Today is our 6 month wedding anniversary, and we are celebrating later. We’ve both been busy, but he is off for the rest of the day, and I am going to a class in 15 min. Then I am off too. I already know what t wear. My red laced dress, and he has booked a table at a fancy restaurant.

But i have a big lump in my belly as things seem to have taken a serious turn. He is concerned about last nights events. I overreacted. I walked out of the apartment to get some air crying, and as he told me t come back, I called him a dick. That is not adult behavior. And in his words, he thought he married an adult. And if this happens over and over, he will start thinking; what did i get myself into? He wants me to bring it up with the counselor. I am a bit flustered, as he used those words that feel pretty threatening to me, not to mention angry that he would say those things, as if he always acts like a grown up. I have numerous examples… I don’t know what to do. Now I have to go. Wish me luck..?

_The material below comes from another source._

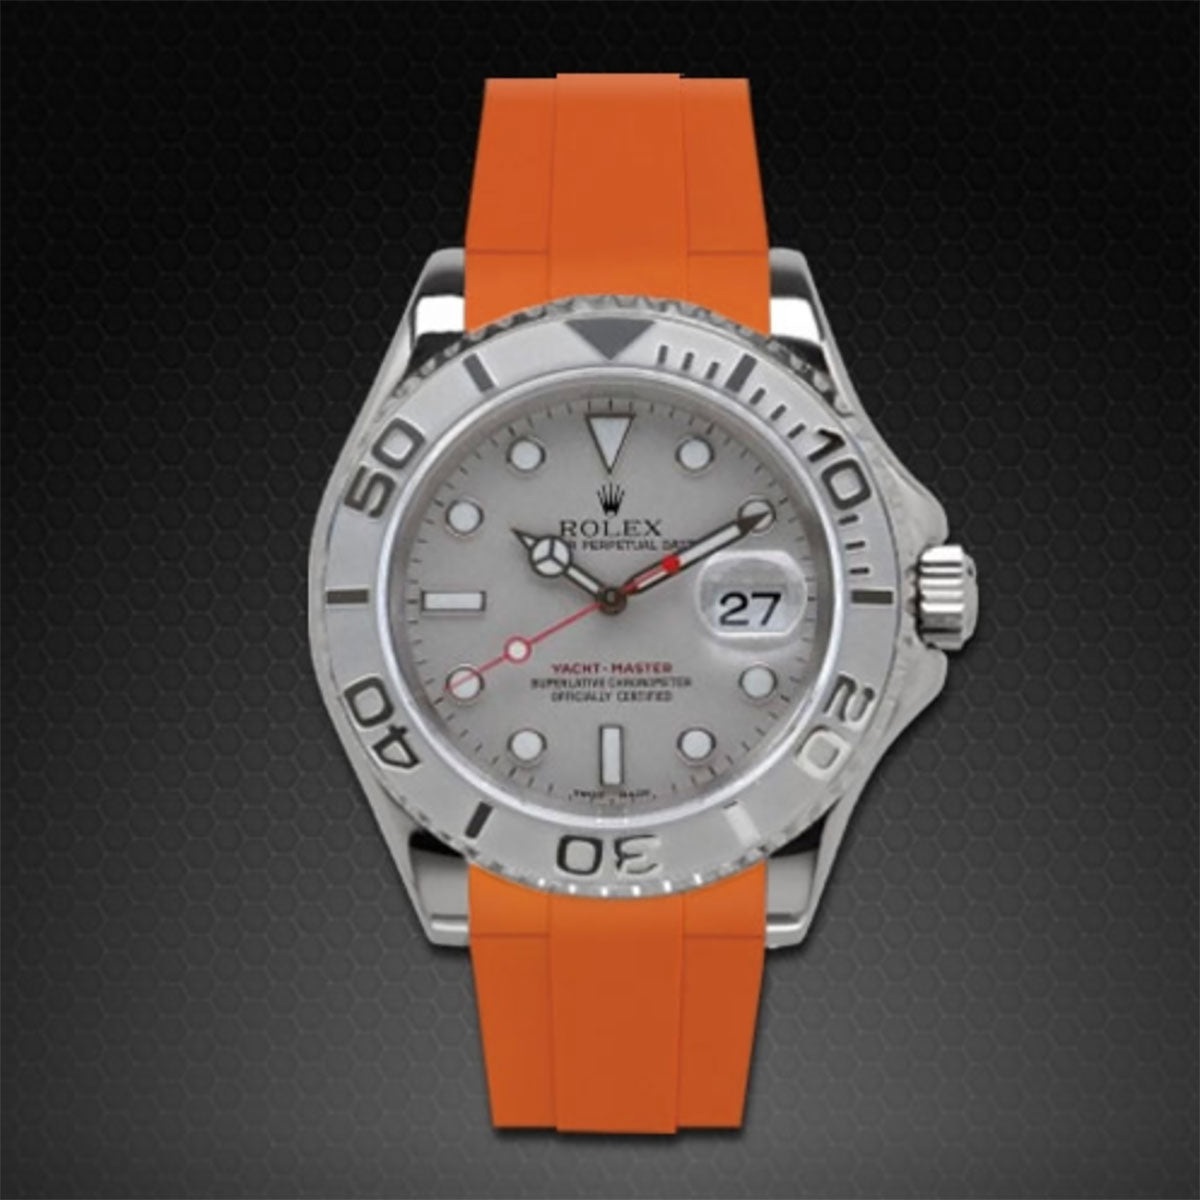 Rolex - Rubber B - Bracelet caoutchouc pour Yachtmaster 40mm - Série boucle ardillon - watch band leather strap - ABP Concept -

What happened to Sunday Funday..?

We used to have ‘Sunday Funday’ together, where we would sleep in, do something in the day, buy dinner and snacks and shack up for the night and watch movies, or go to the cinema. Then I was cast in a play, and I had matinee performances on Sunday, and football came.

So my husband would get up at 7 in the morning, because we live in a place where that’s when the games begin, and I would sleep and get up at ten or eleven to get ready and cycle to the theater to do a show. Then I cycle home, games are all over, and my husband is sleeping. The first time it happened, he slept ALL. FUCKING. DAY. And NIGHT. And he had school the next morning at noon. So no date night, no time together, no nothing. We argued and eventually agreed about it, and the next weekend,

He got up at 7, I left at 12, I came back, and he had a nap, and then we spent the evening together, chilling, watching movies eating, how lovely. I am supportive of him having a good Football sunday, eating pizza, chilling out, then having a nap. AS LONG AS HE GETS UP AGAIN.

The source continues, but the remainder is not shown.